** Opening Dataset extract block **

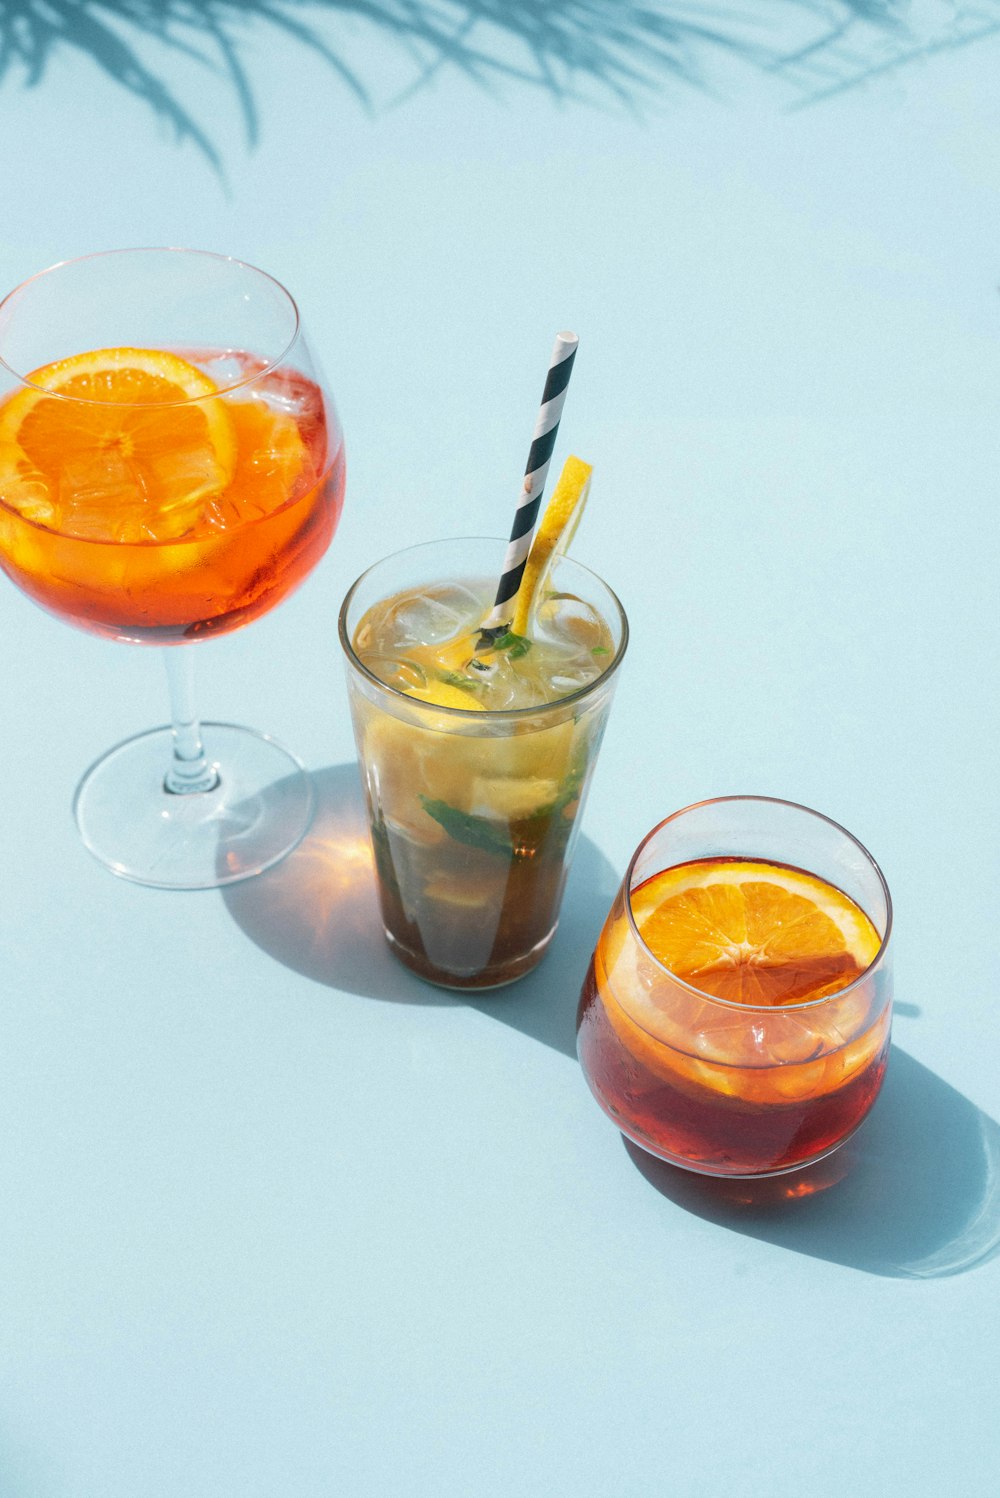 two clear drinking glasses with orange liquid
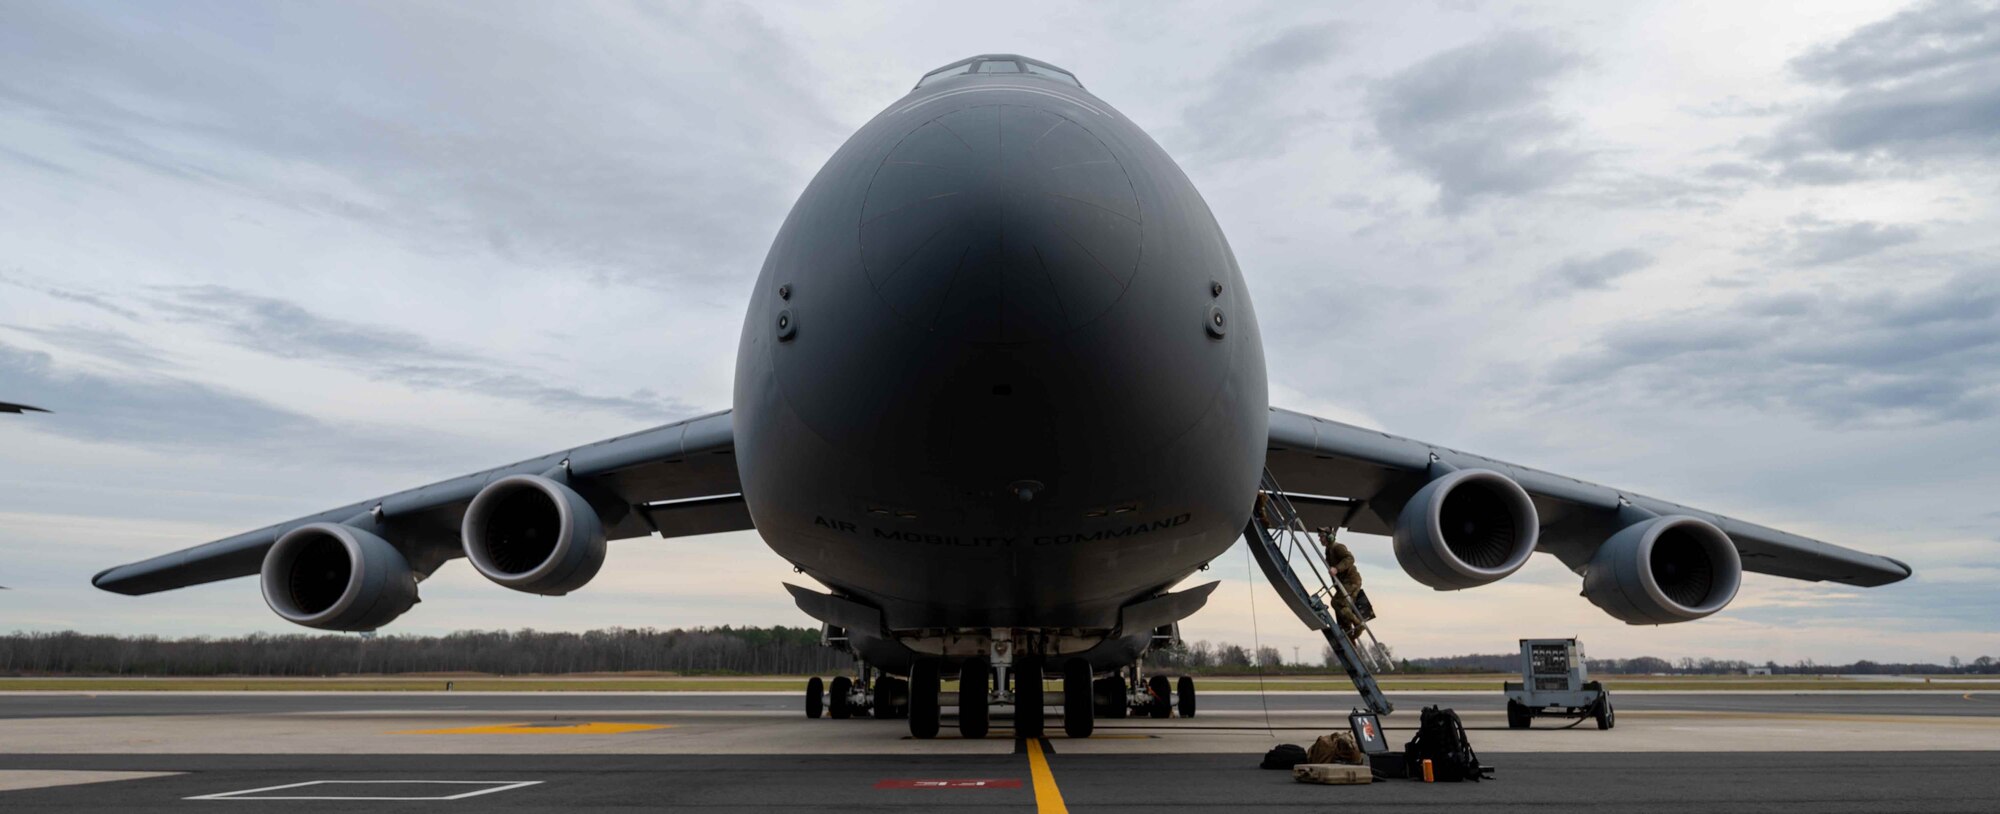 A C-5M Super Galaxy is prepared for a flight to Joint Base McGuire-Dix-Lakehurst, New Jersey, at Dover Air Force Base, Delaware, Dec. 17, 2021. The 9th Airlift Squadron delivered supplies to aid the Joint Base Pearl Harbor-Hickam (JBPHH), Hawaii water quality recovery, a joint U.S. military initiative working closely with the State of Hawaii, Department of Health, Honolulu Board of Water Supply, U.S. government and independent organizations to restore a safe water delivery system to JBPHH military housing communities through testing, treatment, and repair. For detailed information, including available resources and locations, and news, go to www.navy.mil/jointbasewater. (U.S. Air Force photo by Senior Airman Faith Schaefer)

** Closing Dataset extract block **
** Opening Dataset extract block **

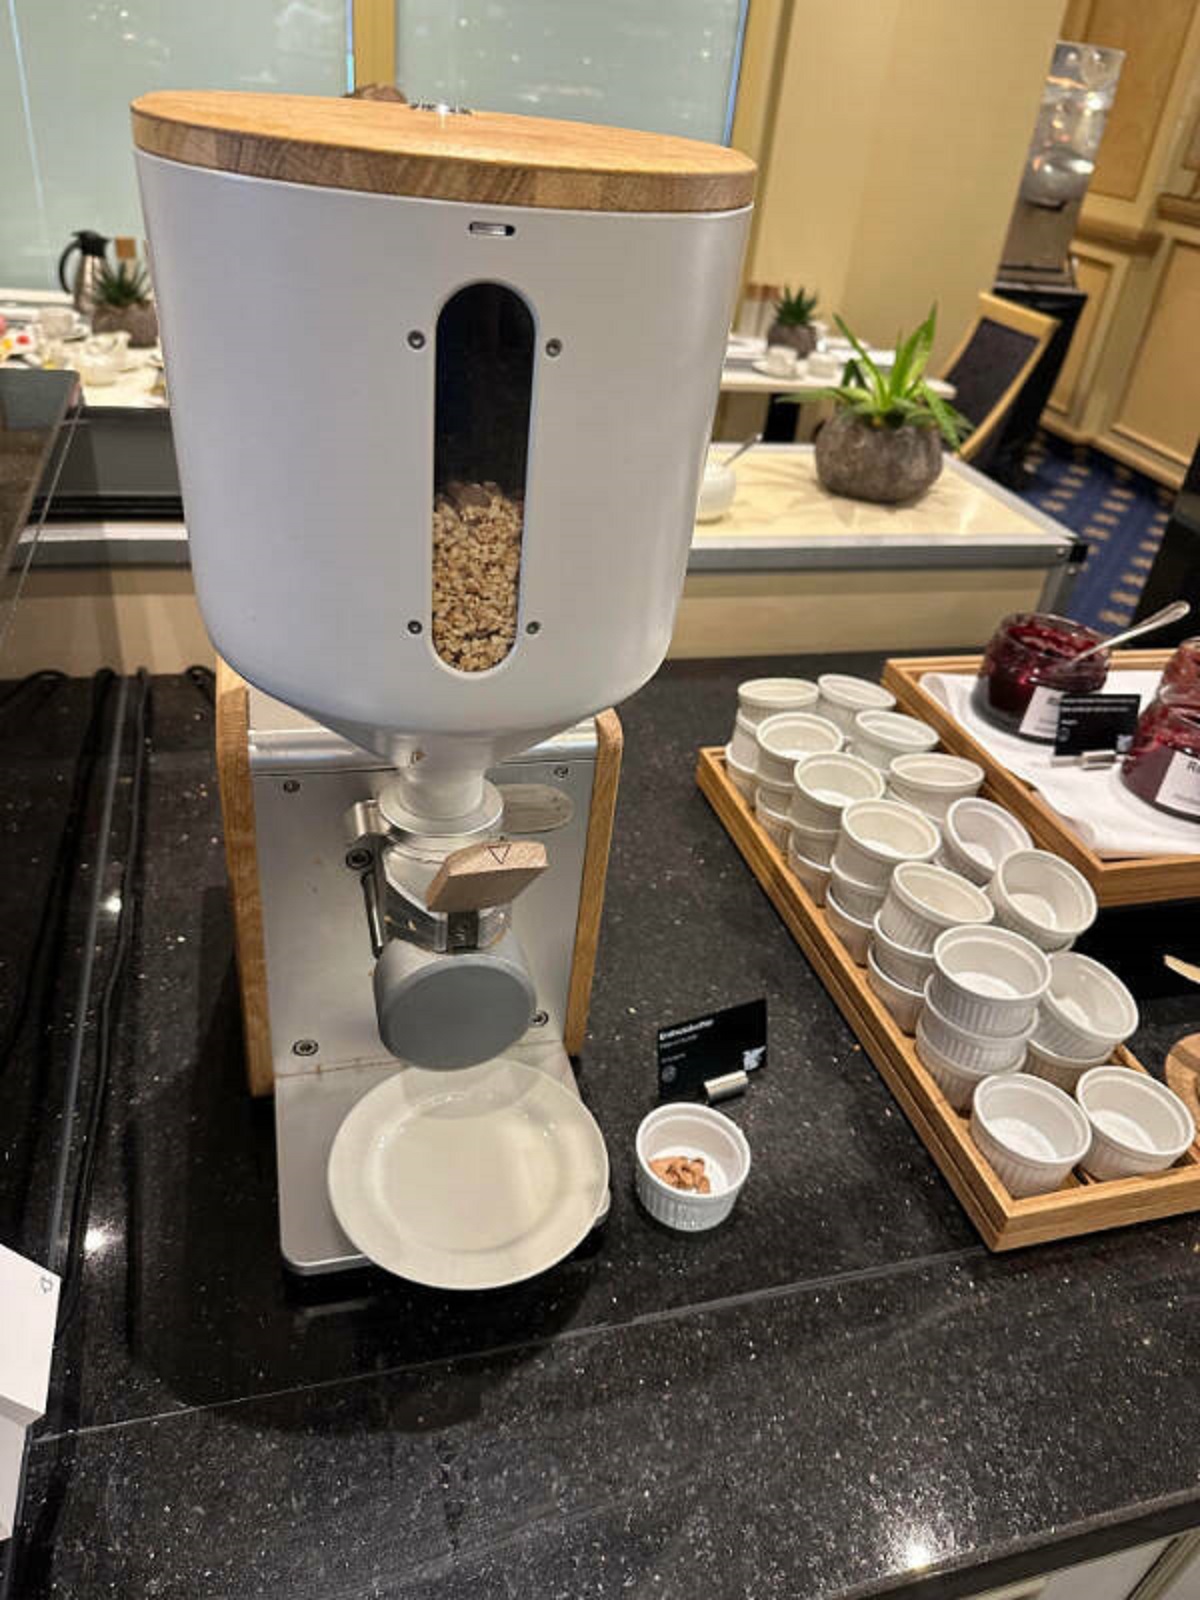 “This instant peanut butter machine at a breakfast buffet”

** Closing Dataset extract block **

[Task requirements] Beginning at the line above that contains "two clear drinking" and going on through the line that contains "A C-5M Super", please copy every line exactly, leaving the pictures out and adding nothing.

[Answer box]
 two clear drinking glasses with orange liquid
 A C-5M Super Galaxy is prepared for a flight to Joint Base McGuire-Dix-Lakehurst, New Jersey, at Dover Air Force Base, Delaware, Dec. 17, 2021. The 9th Airlift Squadron delivered supplies to aid the Joint Base Pearl Harbor-Hickam (JBPHH), Hawaii water quality recovery, a joint U.S. military initiative working closely with the State of Hawaii, Department of Health, Honolulu Board of Water Supply, U.S. government and independent organizations to restore a safe water delivery system to JBPHH military housing communities through testing, treatment, and repair. For detailed information, including available resources and locations, and news, go to www.navy.mil/jointbasewater. (U.S. Air Force photo by Senior Airman Faith Schaefer)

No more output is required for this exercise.